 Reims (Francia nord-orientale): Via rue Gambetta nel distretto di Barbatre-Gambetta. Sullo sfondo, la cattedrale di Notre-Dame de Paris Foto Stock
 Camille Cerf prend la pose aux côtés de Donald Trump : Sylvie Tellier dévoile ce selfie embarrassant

____

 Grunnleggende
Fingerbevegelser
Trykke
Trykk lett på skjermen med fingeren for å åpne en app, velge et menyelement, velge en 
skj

____

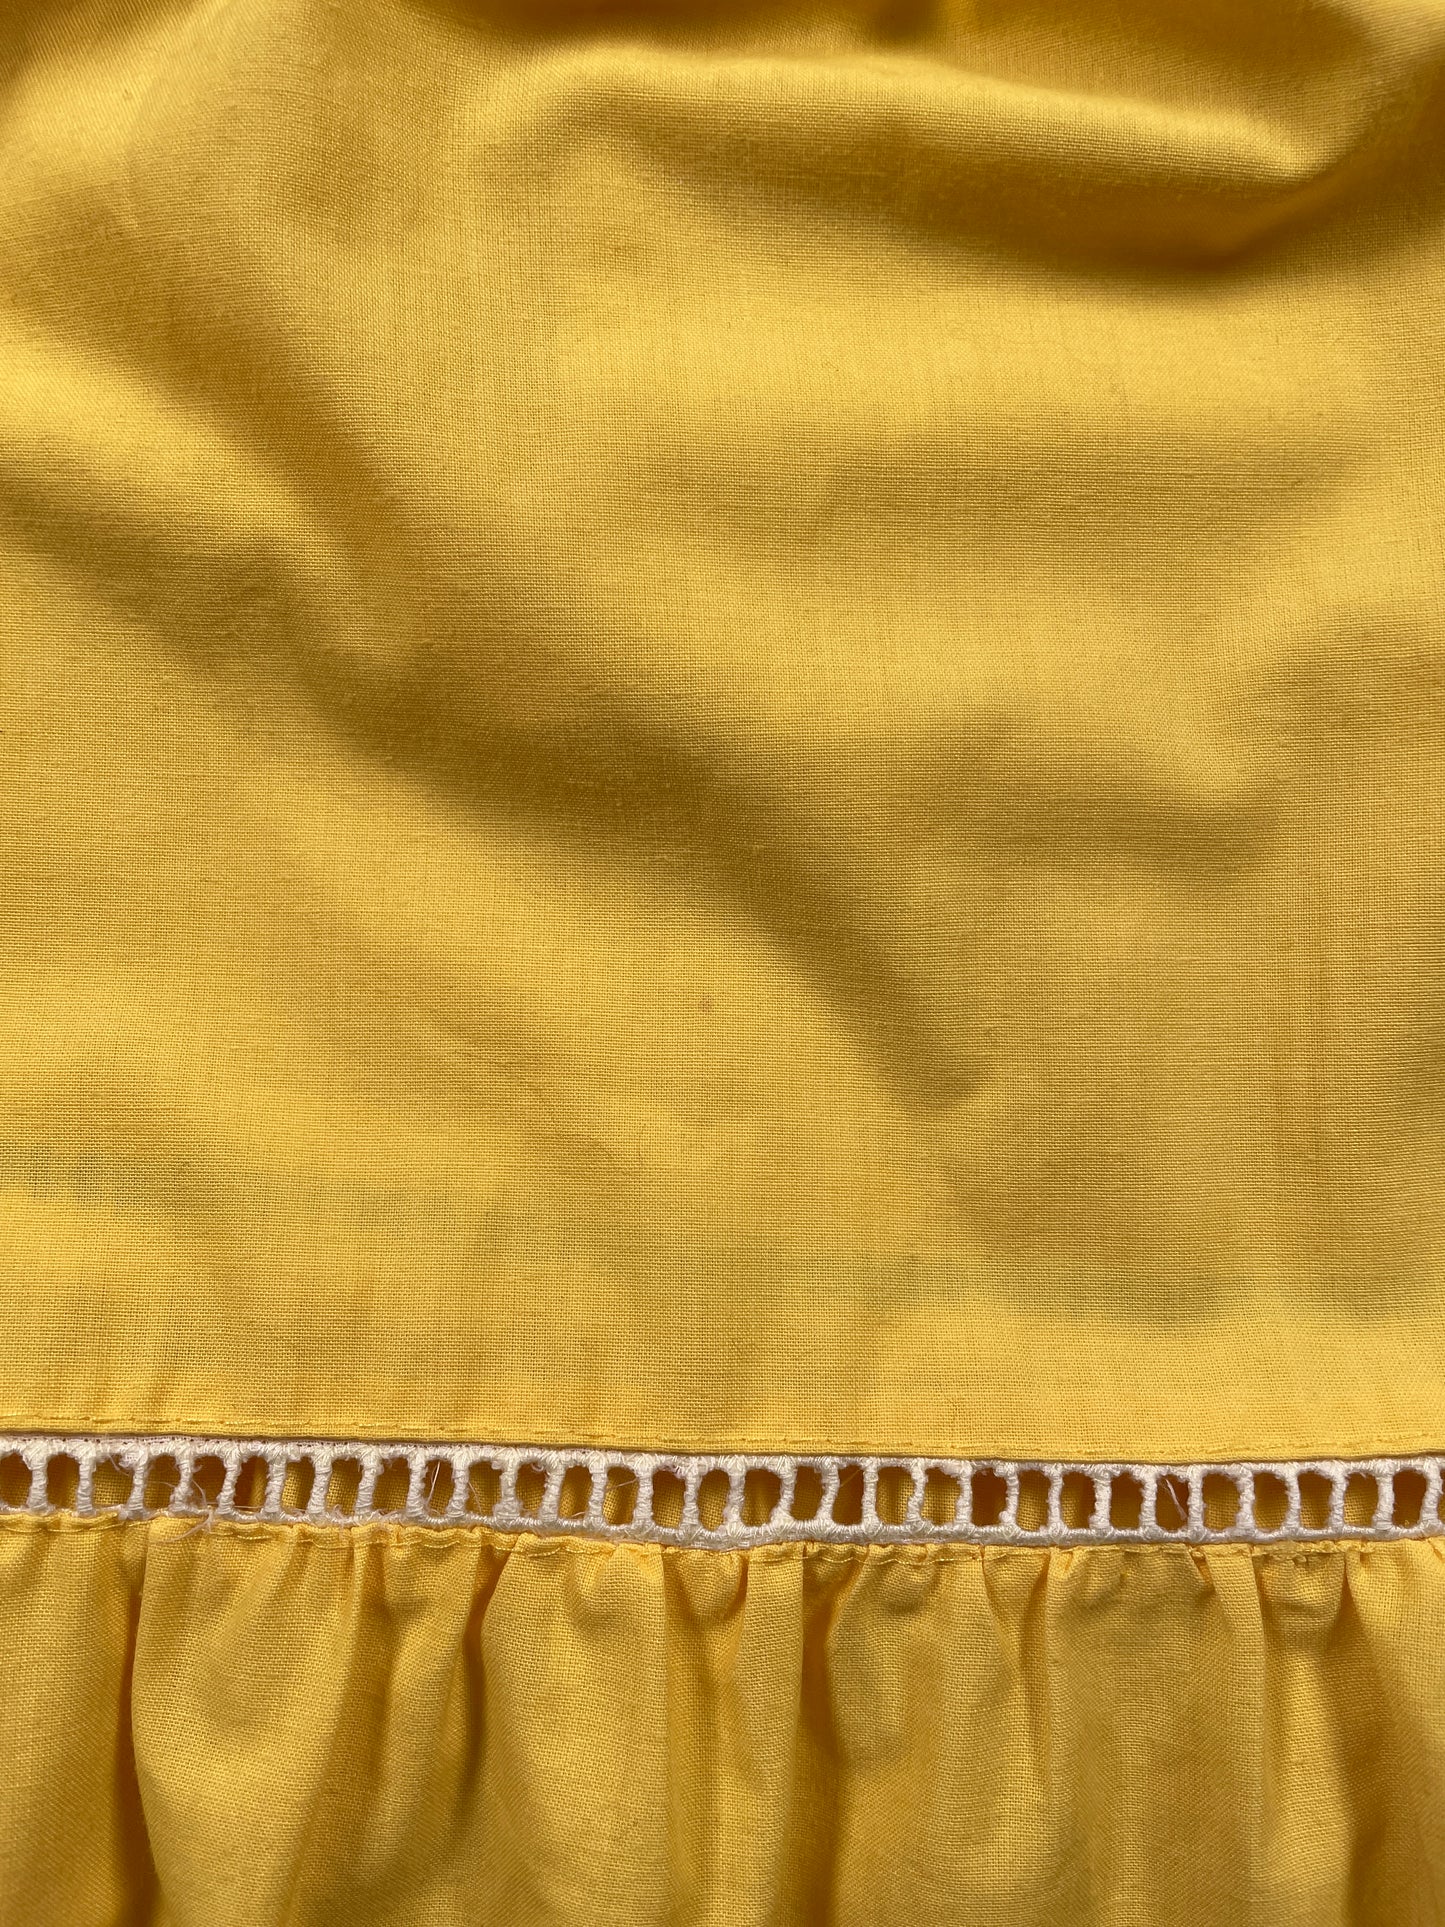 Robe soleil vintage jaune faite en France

____

• Your task
Only the lines above from the line containing "Reims (Francia nord-orientale): Via" through the line containing "Camille Cerf prend" should be retyped, exactly and with both ends included.

• Exercise solution
 Reims (Francia nord-orientale): Via rue Gambetta nel distretto di Barbatre-Gambetta. Sullo sfondo, la cattedrale di Notre-Dame de Paris Foto Stock
 Camille Cerf prend la pose aux côtés de Donald Trump : Sylvie Tellier dévoile ce selfie embarrassant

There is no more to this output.